Implement/document a way how to pass custom information to handlers #531

honzajavorek · 2024-09-15T17:34:48Z

honzajavorek
Sep 15, 2024

For the purposes of testability and nice code structure I thought I'd have some information dependency-injected top-down from the main function. I don't know how to do that. I'll illustrate my problem on a constant, but imagine there are some click options to my program which affect how the scraper behaves, so the value doesn't have to be immutable and the issue is the same. This is my program:

import re
import asyncio
from enum import StrEnum, auto

import click
from crawlee.beautifulsoup_crawler import (
    BeautifulSoupCrawler,
    BeautifulSoupCrawlingContext,
)
from crawlee.router import Router


LENGTH_RE = re.compile(r"(\d+)\s+min")


class Label(StrEnum):
    DETAIL = auto()


router = Router[BeautifulSoupCrawlingContext]()


@click.command()
def edison():
    asyncio.run(scrape())


async def scrape():
    crawler = BeautifulSoupCrawler(request_handler=router)
    await crawler.run(["https://edisonfilmhub.cz/program"])
    await crawler.export_data("edison.json", dataset_name="edison")


@router.default_handler
async def detault_handler(context: BeautifulSoupCrawlingContext):
    await context.enqueue_links(selector=".program_table .name a", label=Label.DETAIL)

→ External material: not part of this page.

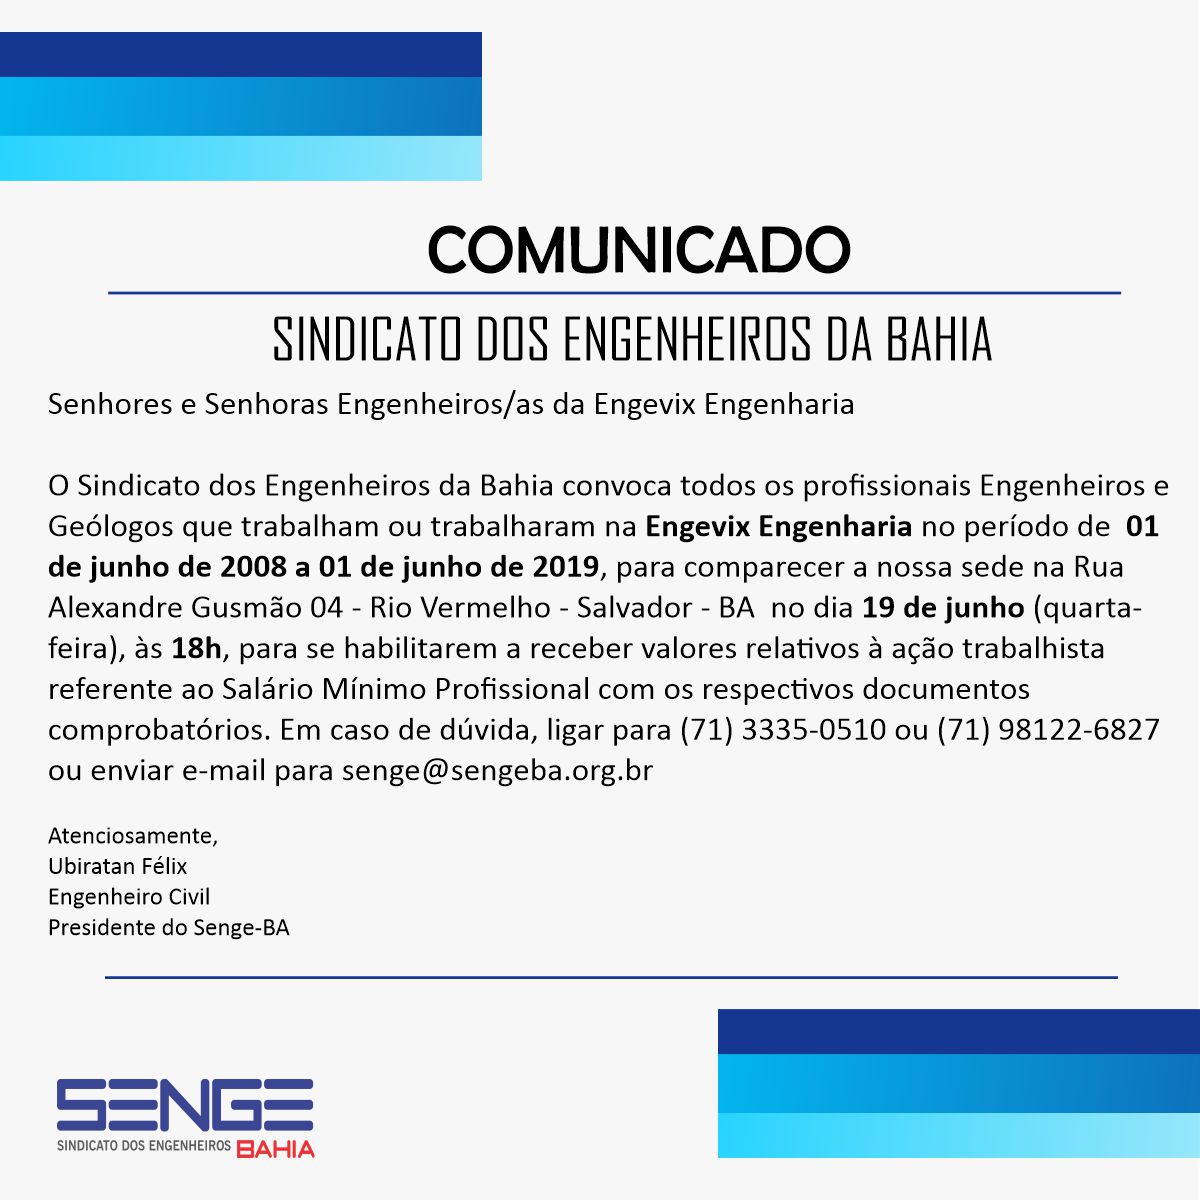 Convocatória do Senge-BA para profissionais da Engevix Engenharia – Conquista do Salário Mínimo Profissional

@router.handler(Label.DETAIL)
async def detail_handler(context: BeautifulSoupCrawlingContext):
    context.log.info(f"Scraping {context.request.url}")

    description = context.soup.select_one(".filmy_page .desc3").text
    length_min = LENGTH_RE.search(description).group(1)
    # TODO get starts_at, then calculate ends_at

    await context.push_data(
        {
            "url": context.request.url,
            "title": context.soup.select_one(".filmy_page h1").text.strip(),
            "csfd_url": context.soup.select_one(".filmy_page .hrefs a")["href"],
        },
        dataset_name="edison",
    )

In the main function, I have certain information I want to pass down. For example I want "edison" to be an argument:

@click.command()
def edison():
    slug = "edison"
    asyncio.run(scrape(slug))

Then this is easy:

async def scrape(slug: str):
    crawler = BeautifulSoupCrawler(request_handler=router)
    await crawler.run(["https://edisonfilmhub.cz/program"])
    await crawler.export_data(f"{slug}.json", dataset_name=slug)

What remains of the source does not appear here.